Re: [PATCH 2/2] xfs: fix buffer lookup vs release race

Dave Chinner <david@xxxxxxxxxxxxx> · Wed, 15 Jan 2025 22:21:00 +1100

On Wed, Jan 15, 2025 at 06:38:00AM +0100, Christoph Hellwig wrote:
> On Tue, Jan 14, 2025 at 07:55:30AM +1100, Dave Chinner wrote:
> > The idea behind the initial cacheline layout is that it should stay
> > read-only as much as possible so that cache lookups can walk the
> > buffer without causing shared/exclusive cacheline contention with
> > existing buffer users.
> > 
> > This was really important back in the days when the cache used a
> > rb-tree (i.e. the rbnode pointers dominated lookup profiles), and
> > it's still likely important with the rhashtable on large caches.
> > 
> > i.e. Putting a spinlock in that first cache line will result in
> > lookups and shrinker walks having cacheline contention as the
> > shrinker needs exclusive access for the spin lock, whilst the lookup
> > walk needs shared access for the b_rhash_head, b_rhash_key and
> > b_length fields in _xfs_buf_obj_cmp() for lookless lookup
> > concurrency.
> 
> Hmm, this contradict the comment on top of xfs_buf, which explicitly
> wants the lock and count in the semaphore to stay in the first cache
> line.

The semaphore, yes, because locking the buffer is something the fast
path lookup does, and buffer locks are rarely contended.

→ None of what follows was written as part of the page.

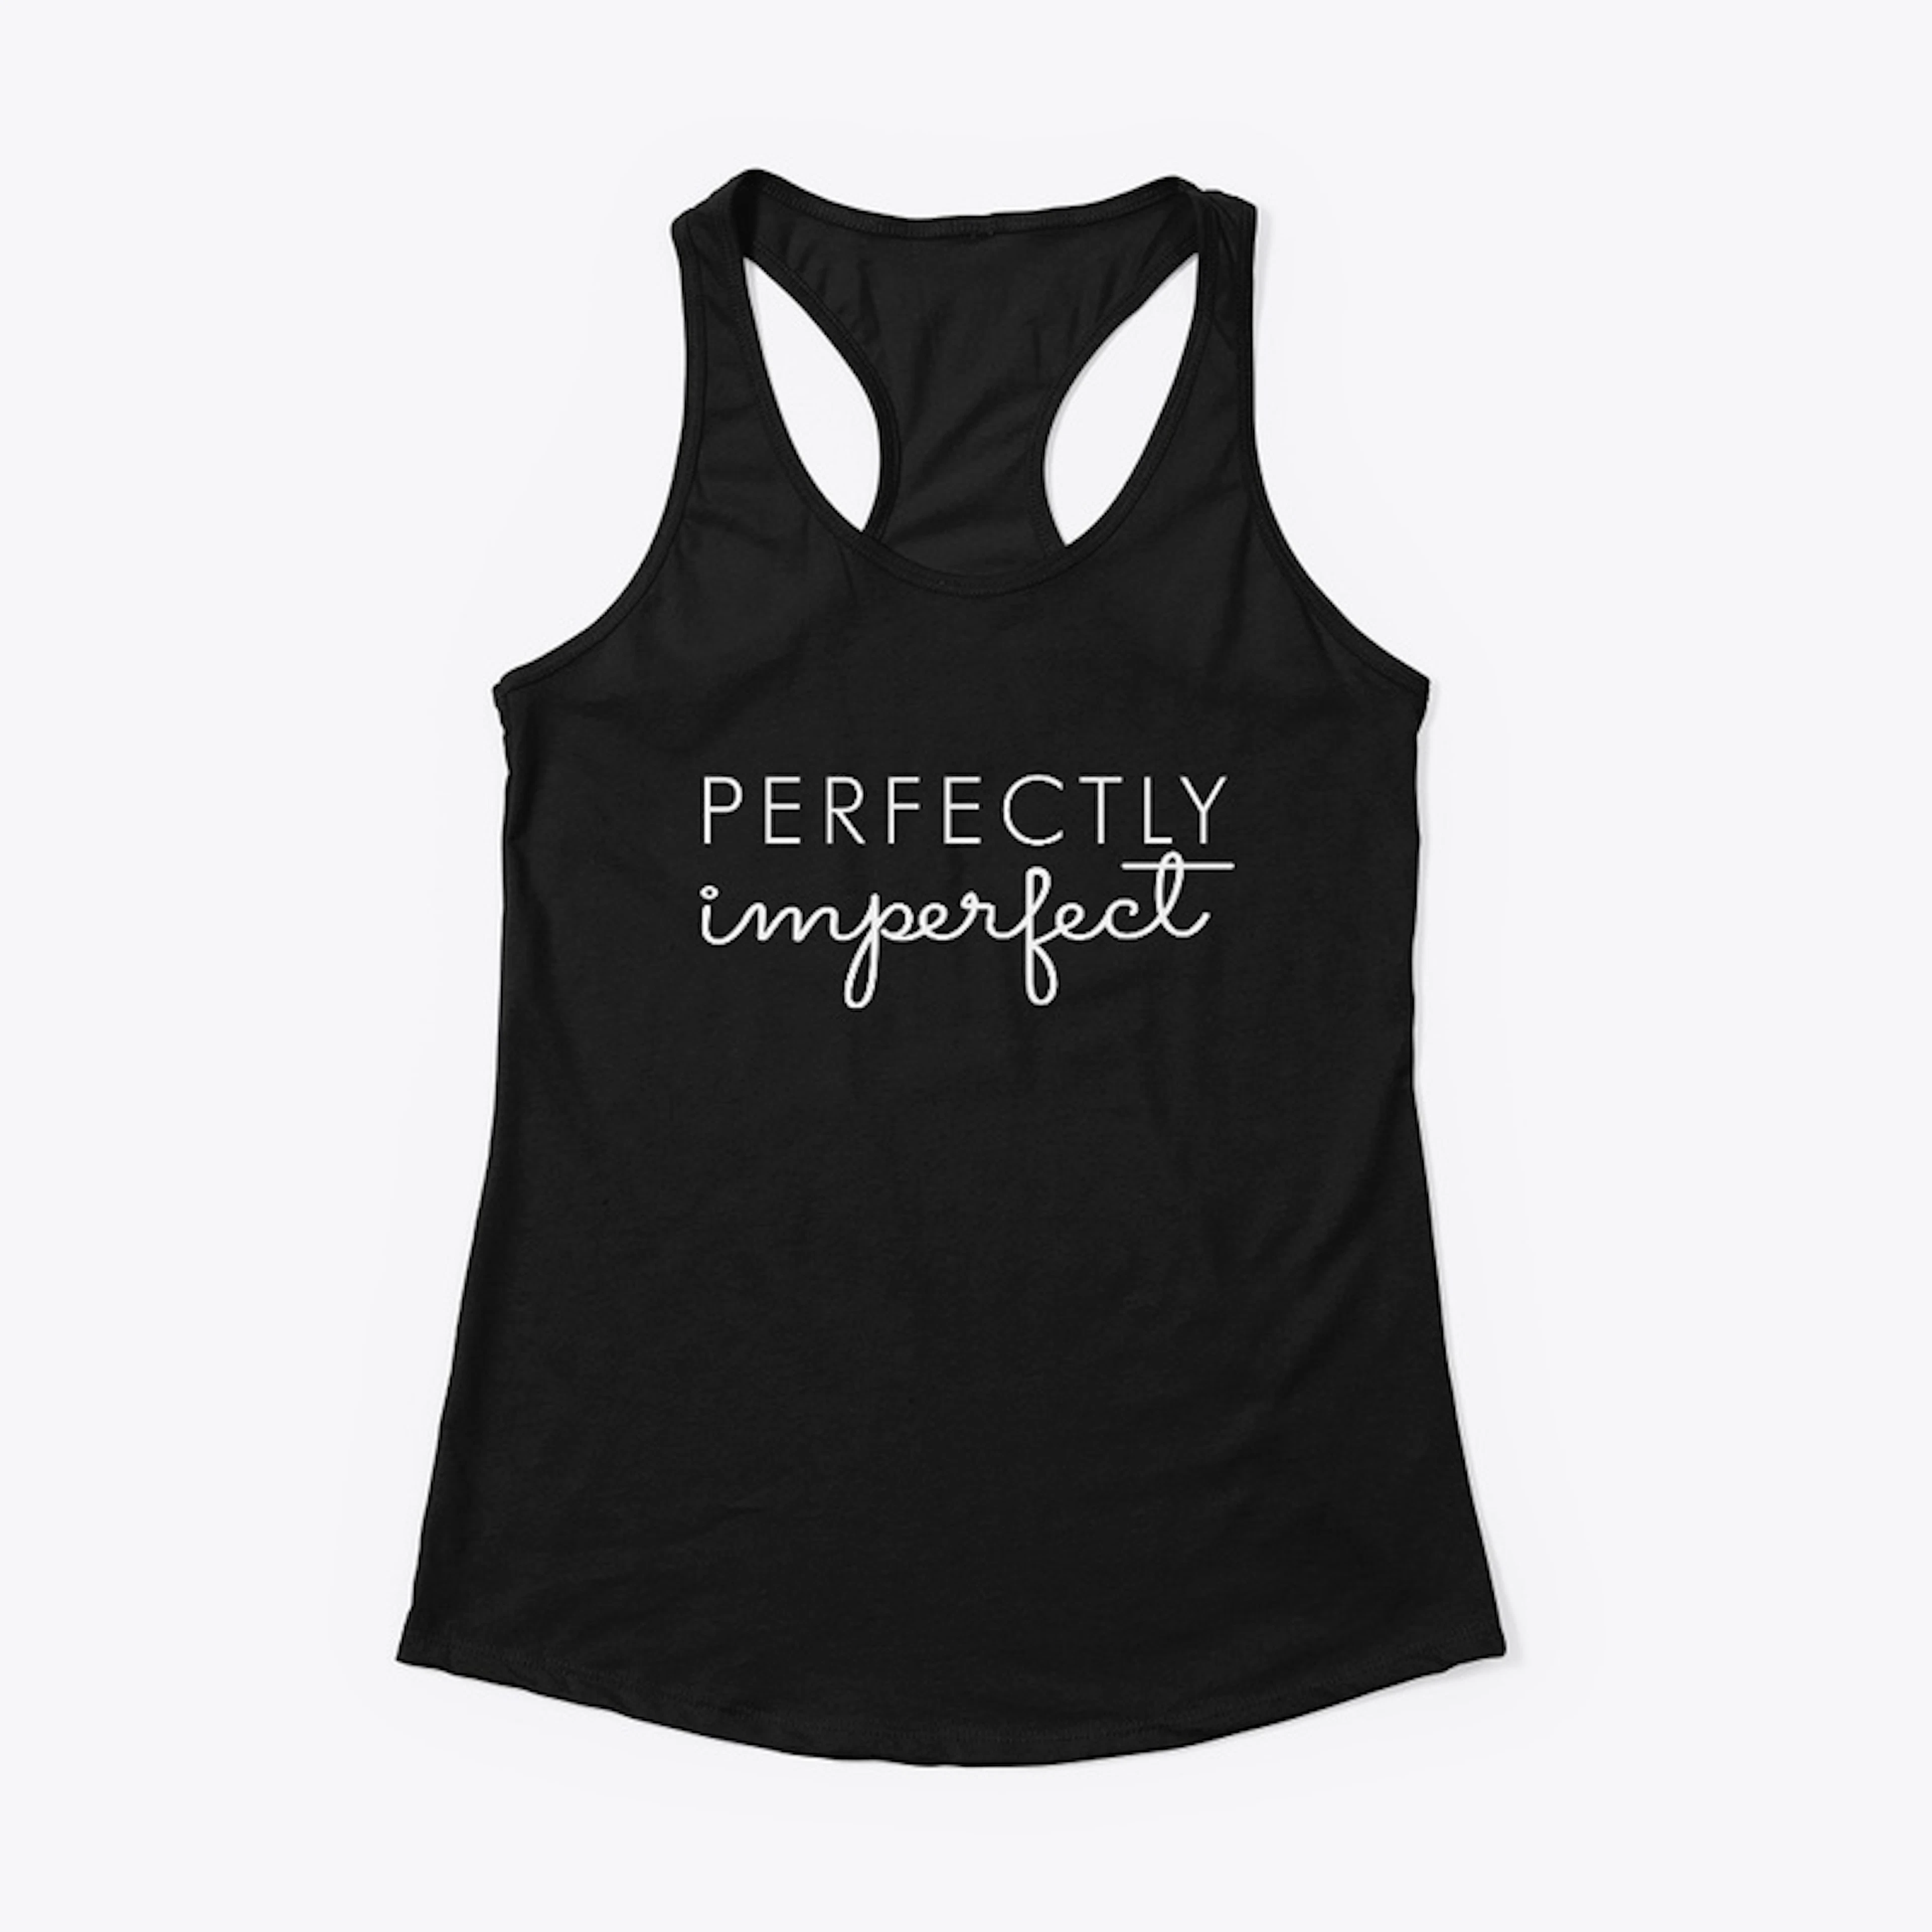 Perfectly Imperfect Yoga Top

Shrinkers, OTOH, work on the b_lru_ref count and use the b_lock spin
lock right up until the point that the buffer is going to be
reclaimed. These are not shared with the cache lines accessed by
lookups.

Indeed, it looks to me like the historic placing of the b_lru_ref on
the first cacheline is now incorrect, because it is no longer
modified during lookup - we moved that to the lookup callers a long
time ago.

i.e. shrinker reclaim shouldn't touch the first cacheline until it
is goign to reclaim the buffer.  A racing lookup at this point is
also very rare, so the fact it modifies the first cacheline of the
buffer is fine - it's going to need that exclusive to remove it from
the cache, anyway.

IOWs, the current separate largely keeps the lookup fast path and
shrinker reclaim operating on different cachelines in the same
buffer object, and hence they don't interfere with each other.

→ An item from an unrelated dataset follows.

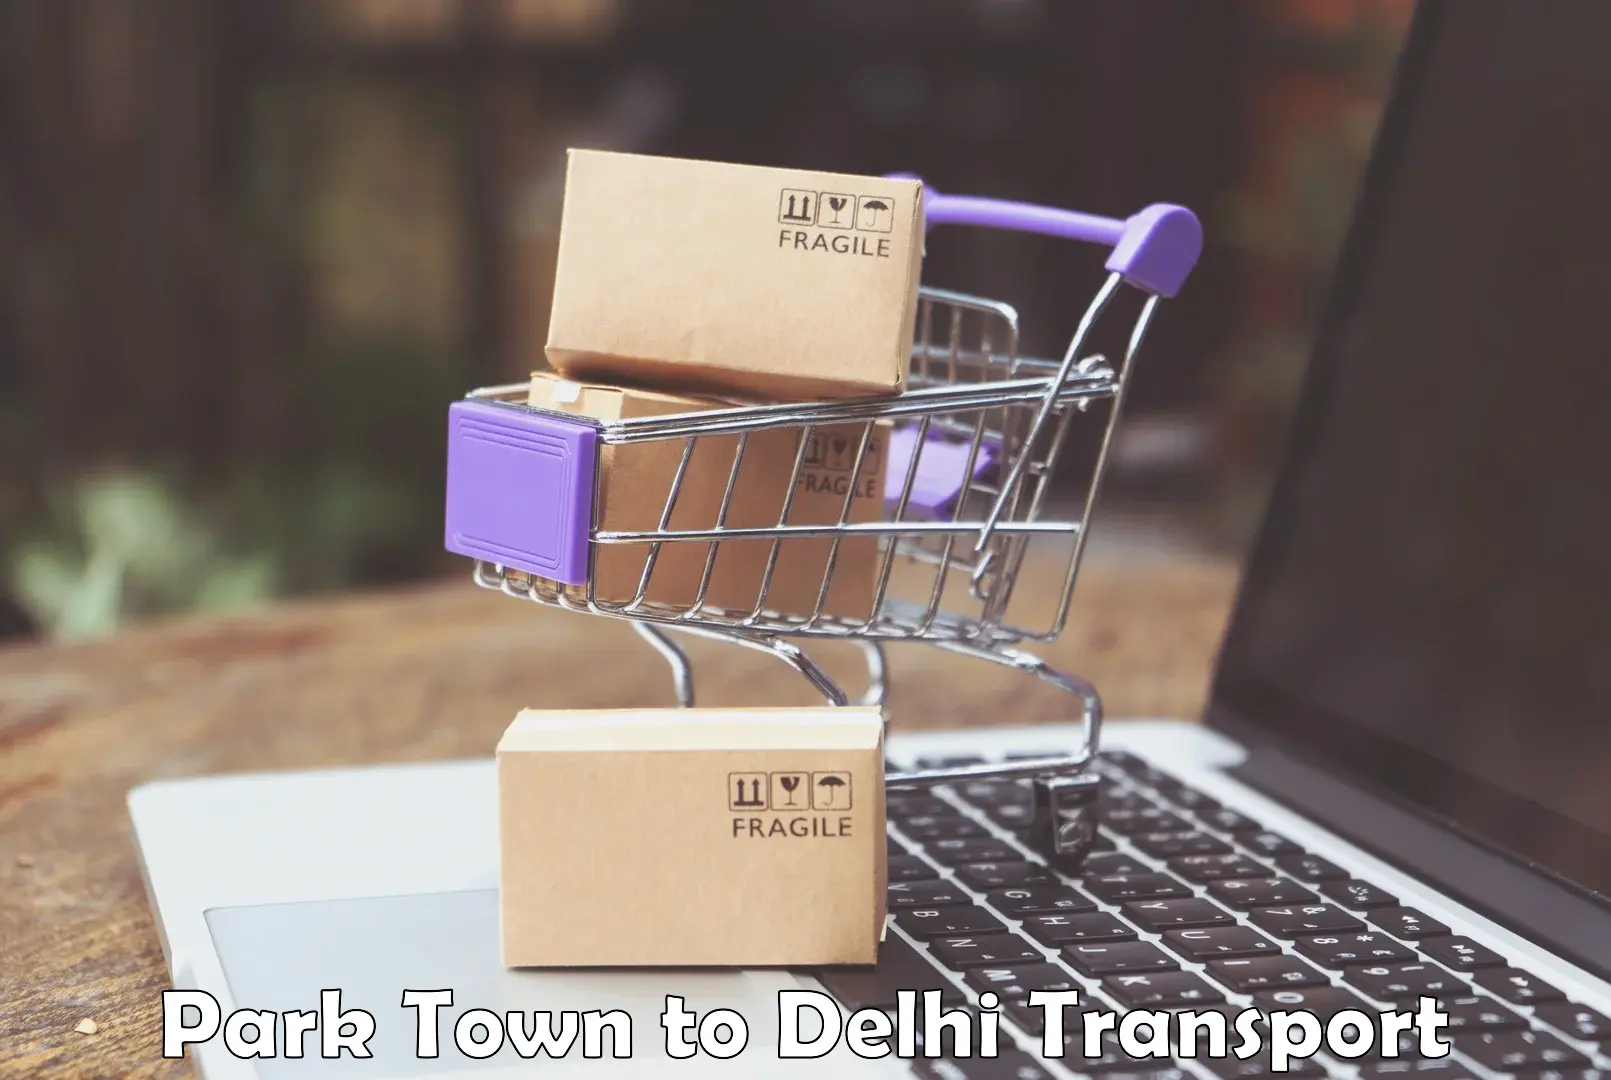 Transport bike from one state to another Park Town to Krishna Nagar

However, the change to to use the b_lock and a non-atomic hold count
means that every time a shrinker scans a buffer - even before
looking at the lru ref count - it will pull the first cache line
exclusive due to the unconditional spin lock attempt it now makes.

When we are under tight memory pressure, only the frequently
referenced buffers will stay in memory (hence lookup hits them), and
they will be scanned by reclaim just as frequently as they are
accessed by the filesystem to keep them referenced and on the LRUs...

> These, similar to the count that already is in the cacheline
> and the newly moved lock (which would still keep the semaphore partial
> layout) are modified for the uncontended lookup there.  Note that
> since the comment was written b_sema actually moved entirely into
> the first cache line, and this patch keeps it there, nicely aligning
> b_lru_ref on my x86_64 no-debug config.

The comment was written back in the days of the rbtree based index,
where all we could fit on the first cacheline was the rbnode, the
lookup critical fields (daddr, length, flags), the buffer data
offset (long gone) and the part of the
semaphore structure involved in locking the semaphore...

While the code may not exactly match the comment anymore, the
comment is actually still valid and correct and we should be fixing
the code to match the comment, not making the situation worse...

> Now I'm usually pretty bad about these cacheline micro-optimizations
> and I'm talking to the person who wrote that comment here, so that
> rationale might not make sense, but then the comment doesn't either.
> 
> I'm kinda tempted to just stick to the rationale there for now and then
> let someone smarter than me optimize the layout for the new world order.

I'd just leave b_lock where it is for now - if it is now going to be
contended between lookup and reclaim, we want it isolated to a
cacheline that minimises contention with other lookup related
data....

-Dave.
-- 
Dave Chinner
david@xxxxxxxxxxxxx